Согласно летописным свидетельствам, все убийцы принадлежали к ближайшему окружению князя. Вломившись ночью в княжескую опочивальню, заговорщики нанесли Андрею несколько тяжелых ран. Князь, однако, остался жив и даже сумел подняться на ноги и выйти в сени, надеясь позвать на помощь. Кто-то из убийц услышал стоны Андрея. Заговорщики бросились на поиски князя, нашли его по кровавым следам и прикончили.

«Повесть об убиении Андрея Боголюбского», включенная в Ипатьевскую летопись, называет имена нескольких заговорщиков: «Началникъ же убиицамъ бысть Петръ, Кучьковъ зять, Анбалъ, ясинъ ключникъ, Якимъ, Кучьковичи, а всихъ неверныхь убииць двадцать числомъ». Но в Пискаревском летописце этот список приводится в несколько другом варианте:

Свои милостивницы были, а нынеча окаяннии убицы Кучковичи, начальник им бысть Петр, Кучкович зять, Анбал Ясин ключник, Иоаким, иже бе его князь любил, и Ефрем Моизич; а всех окаянных убиц двадцать.
Кем был этот Ефрем Моизич, какую роль играл при дворе, летописи не сообщают. В дошедших до нас источниках он упоминается лишь единожды – в связи с убийством князя Андрея. Однако российская историография сумела дополнить его образ.

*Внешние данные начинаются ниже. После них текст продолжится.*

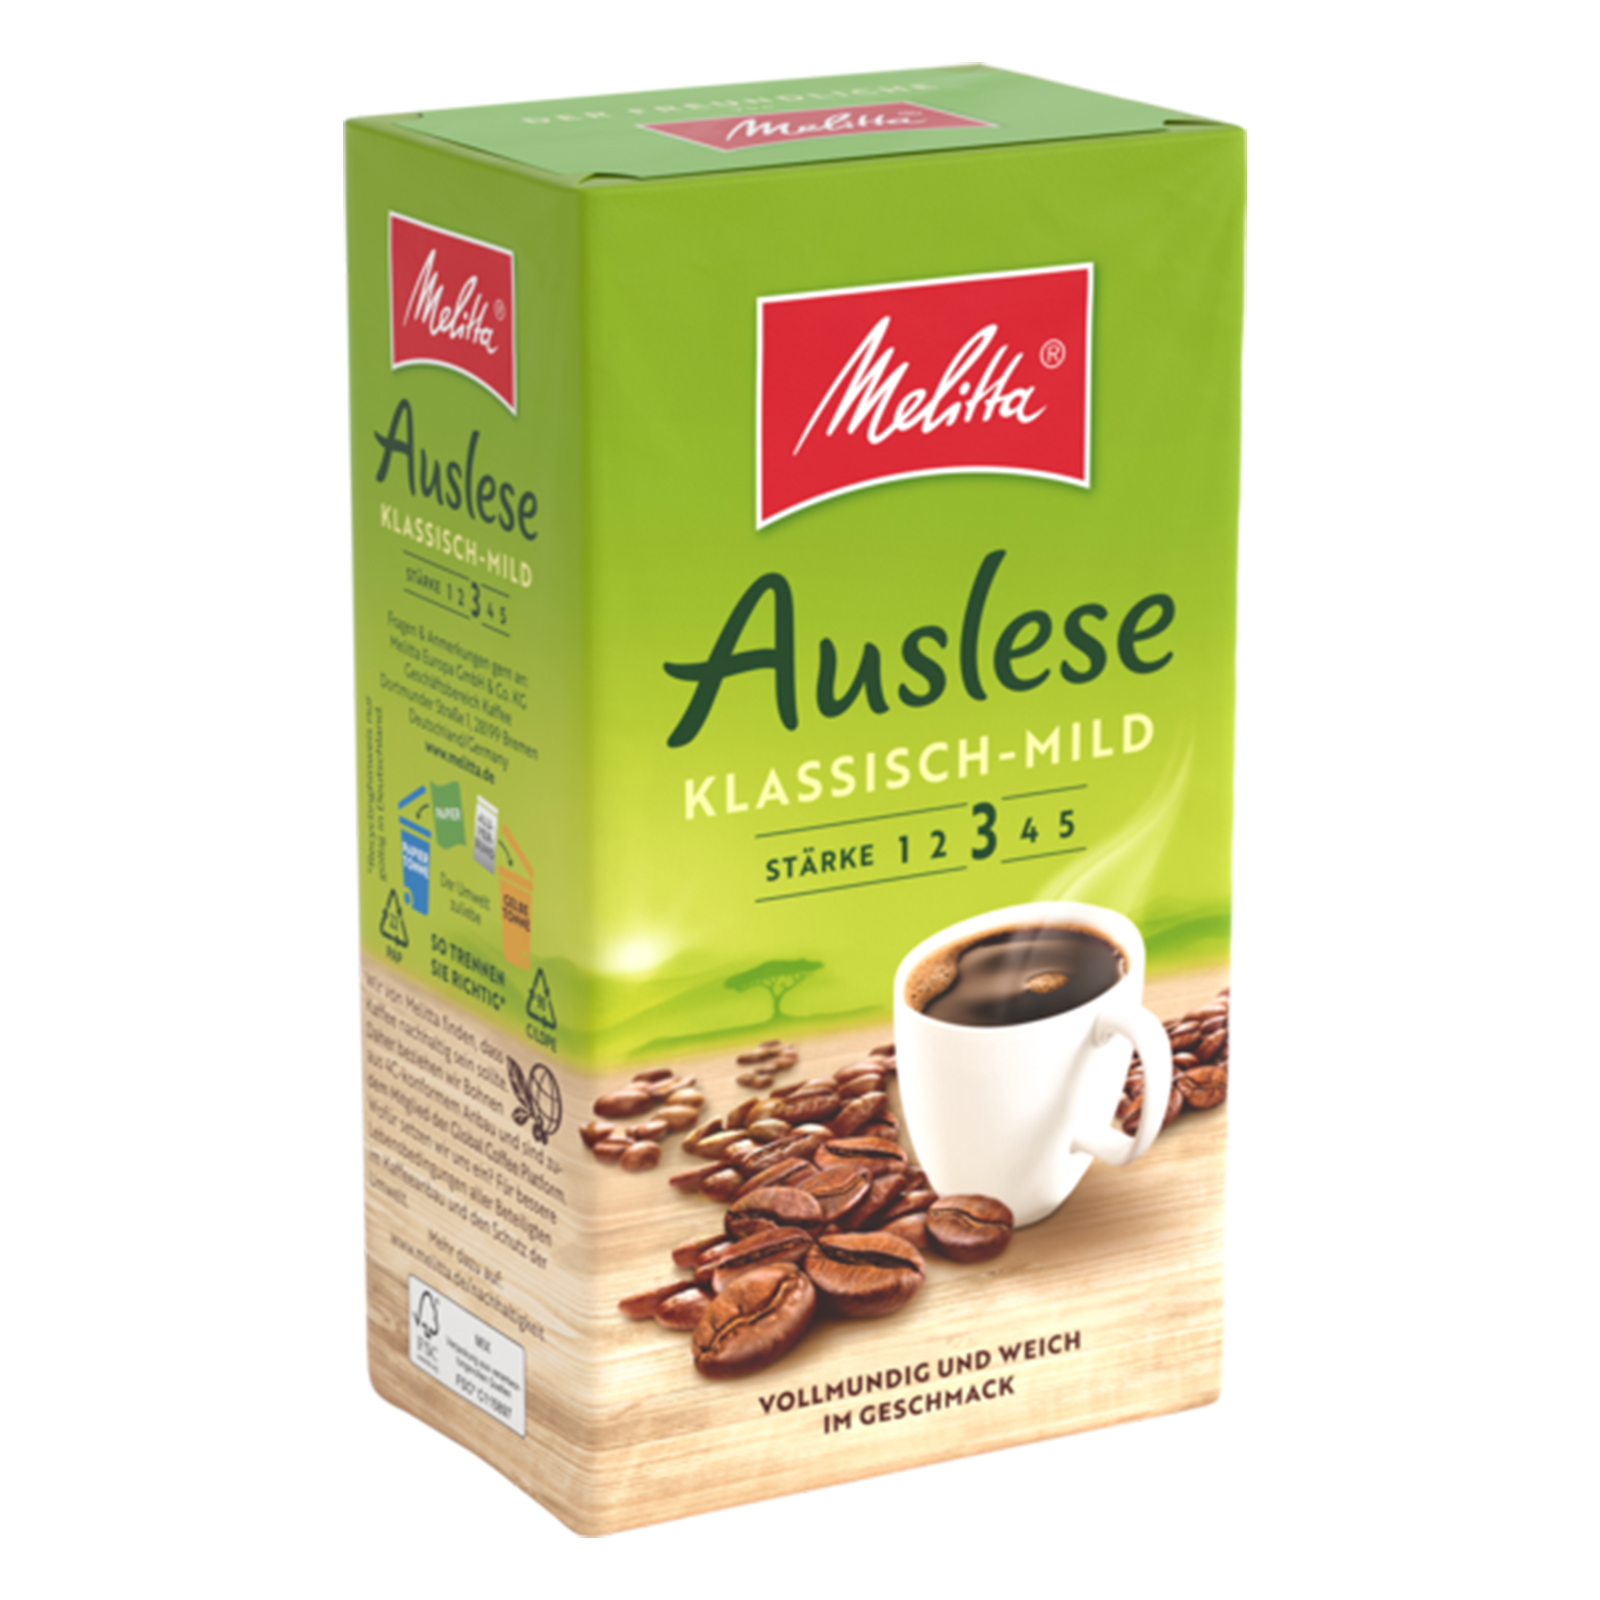 Röstkaffee g 500 Auslese MELITTA Klassisch-mild gemahlener

Ранние историки и публицисты не придавали большого значения участию в заговоре безвестного Моизича. К примеру, «Повесть о зачале Москвы» XVII века вовсе не упоминает его в рассказе об убийстве, возлагая всю вину за преступление на бояр Кучковичей. Согласно «Повести», боярин Кучка был казнен отцом Андрея Юрием Долгоруким, поскольку не оказал князю должной чести. Двоих сыновей Кучки, Петра и Акима, а также дочь Улиту Долгорукий отослал во Владимир к сыну Андрею. Улита сделалась женой Андрея, однако не любила мужа, который отказывался от плотского сожительства с ней, и замыслила его убить. По ее просьбе братья Кучковичи и убили князя.

Кн. Андрей Боголюбский. Икона нач. ХХ в.
Не упоминает о Ефреме Моизиче и первый российский историк Василий Никитич Татищев, отдавший предпочтение сообщению Ипатьевской летописи: «Начальник сему убийству был Петр Кучков, зять его, Анбал Ясин, ключник княжий, Иоаким Кучкович и прочие нечестивые числом общим двадцать». Николай Михайлович Карамзин вспоминает о Моизиче вскользь, называя «чиновником», но не приводя никаких подробностей: «Двадцать человек вступили в заговор. Никто из них не был лично оскорблен Князем; многие пользовались его доверенностию: зять Иоакимов, Вельможа Петр (у коего в доме собирались заговорщики), Ключник Анбал Ясин, чиновник Ефрем Моизович».

Положение, однако, изменилось, когда в ХIX веке убийством Боголюбского заинтересовался Сергей Михайлович Соловьев. Несмотря на крайнюю скупость летописного свидетельства, знаменитый историк счел возможным идентифицировать загадочного заговорщика как еврея или крещеного еврея:

Андрей подражал в этом отношении всем князьям, охотно принимал пришельцев из земель христианских и нехристианских, латинов и православных, любил показывать им свою великолепную церковь Богоматери во Владимире, чтоб иноверцы видели истинное христианство и крестились, и многие из них крестились действительно. В числе этих новокрещенных иноземцев находился один яс, именем Анбал: он пришел к Андрею в самом жалком виде, был принят в княжескую службу, получил место ключника и большую силу во всем доме; в числе приближенных к Андрею находился также какой-то Ефрем Моизич, которого отчество – Моизич, или Моисеевич, указывает на жидовское происхождение. Двое этих-то восточных рабов выставлены летописцем вместе с Кучковичем и зятем его как зачинщики дела.
С легкой руки авторитетного историка версия о еврейском происхождении одного из убийц Боголюбского начала кочевать из одной книги в другую. Причем некоторые исследователи пошли дальше Соловьева, позволив себе дополнительные соображения о личности Моизича.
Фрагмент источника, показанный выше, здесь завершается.